DATA BELOW »

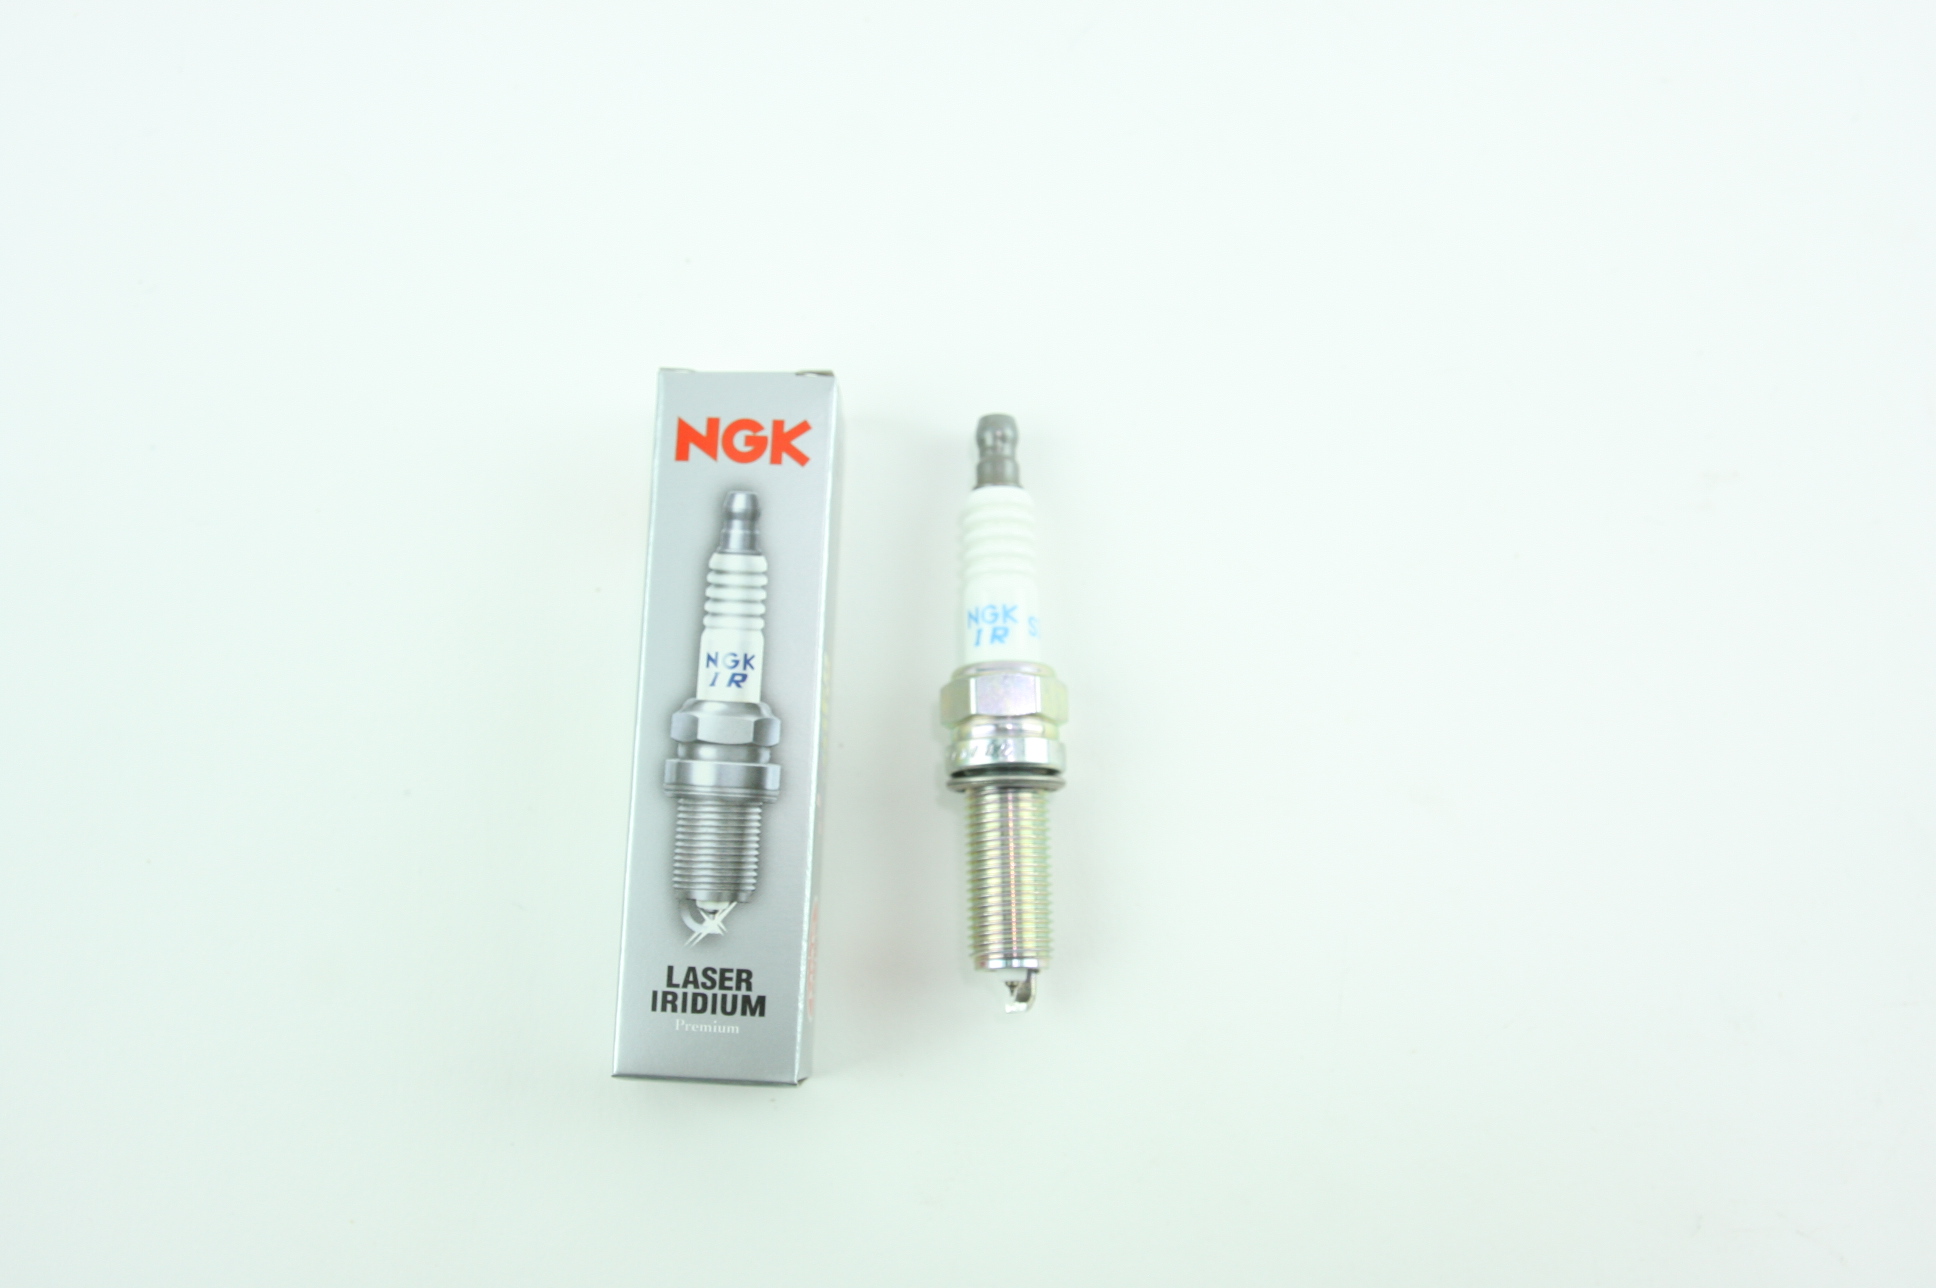 New NGK 1402 Spark Plug - Laser Iridium SILKR8AS Fast Free Shipping - image 1
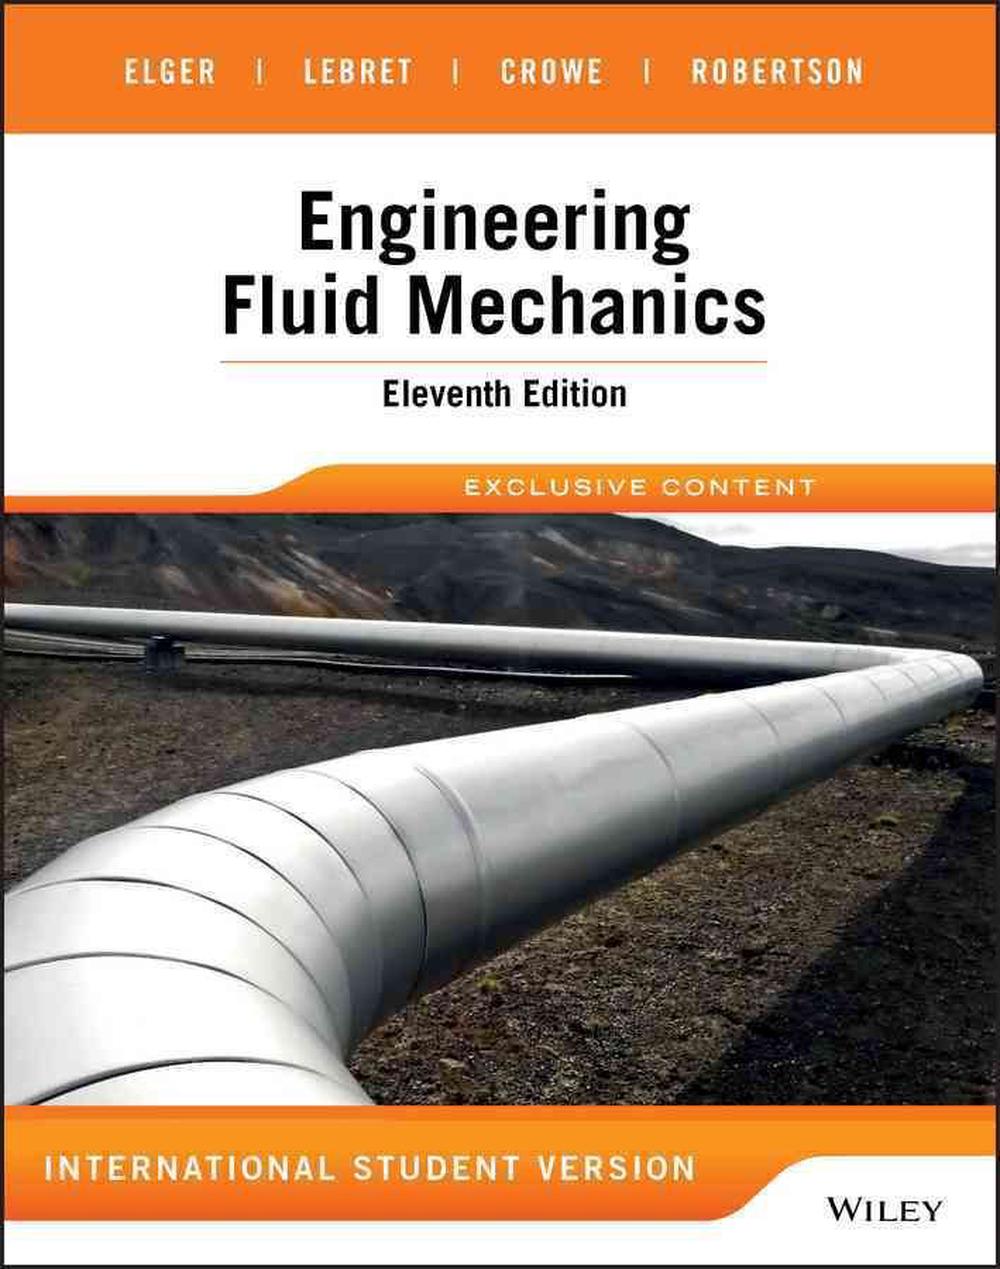 fluid mechanics research papers
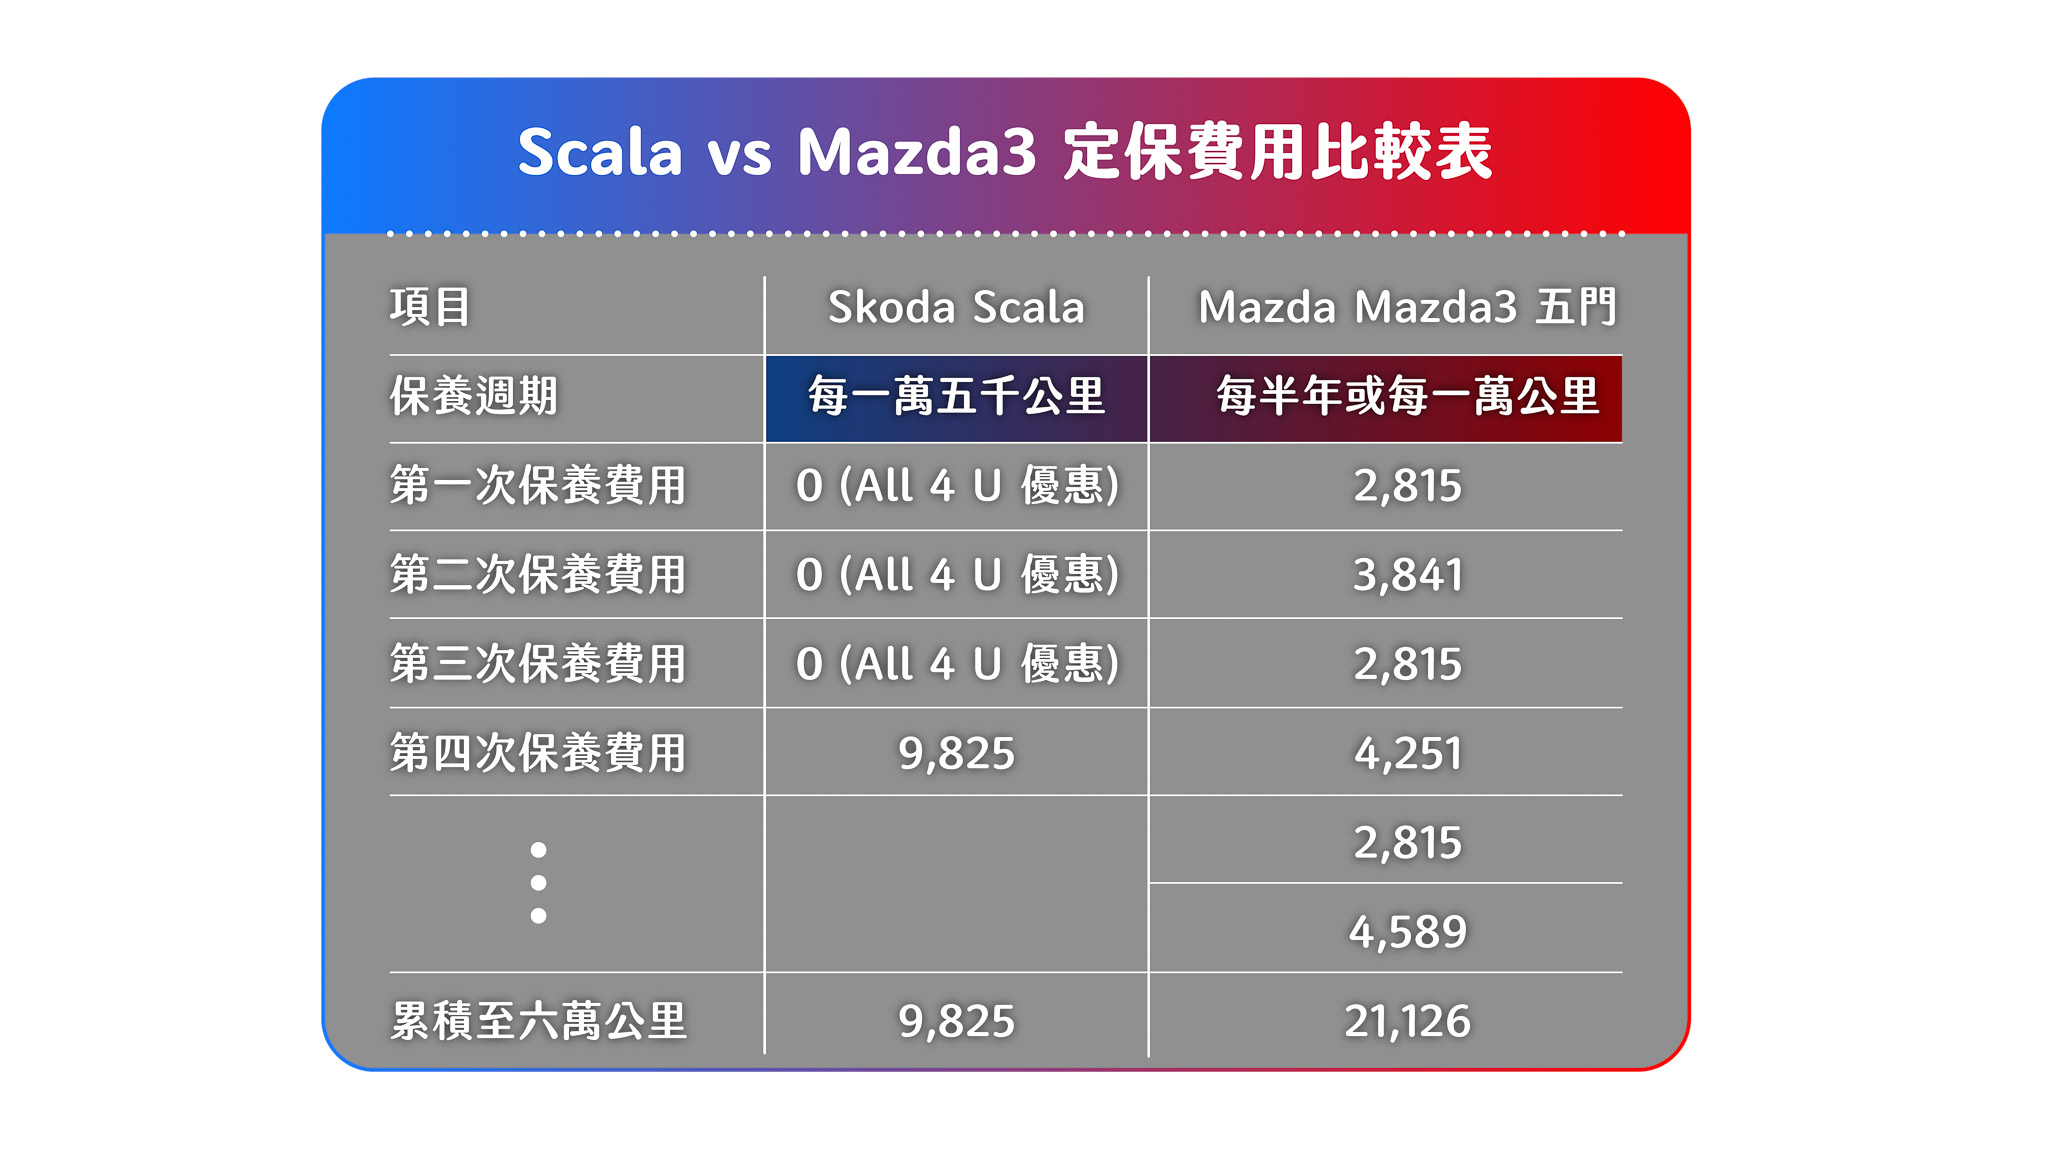 Skoda 因為有推出 All 4 U 保養優惠專案，所以前三次保養不用錢，到六萬公里，基本上 Scala 才進行一次保養，為兩者關鍵差異處。

WORK TASK » Except for the pictures, the whole listing above should be transcribed exactly.

ANSWER SPACE »
 New NGK 1402 Spark Plug - Laser Iridium SILKR8AS Fast Free Shipping - image 1
 fluid mechanics research papers
 Skoda 因為有推出 All 4 U 保養優惠專案，所以前三次保養不用錢，到六萬公里，基本上 Scala 才進行一次保養，為兩者關鍵差異處。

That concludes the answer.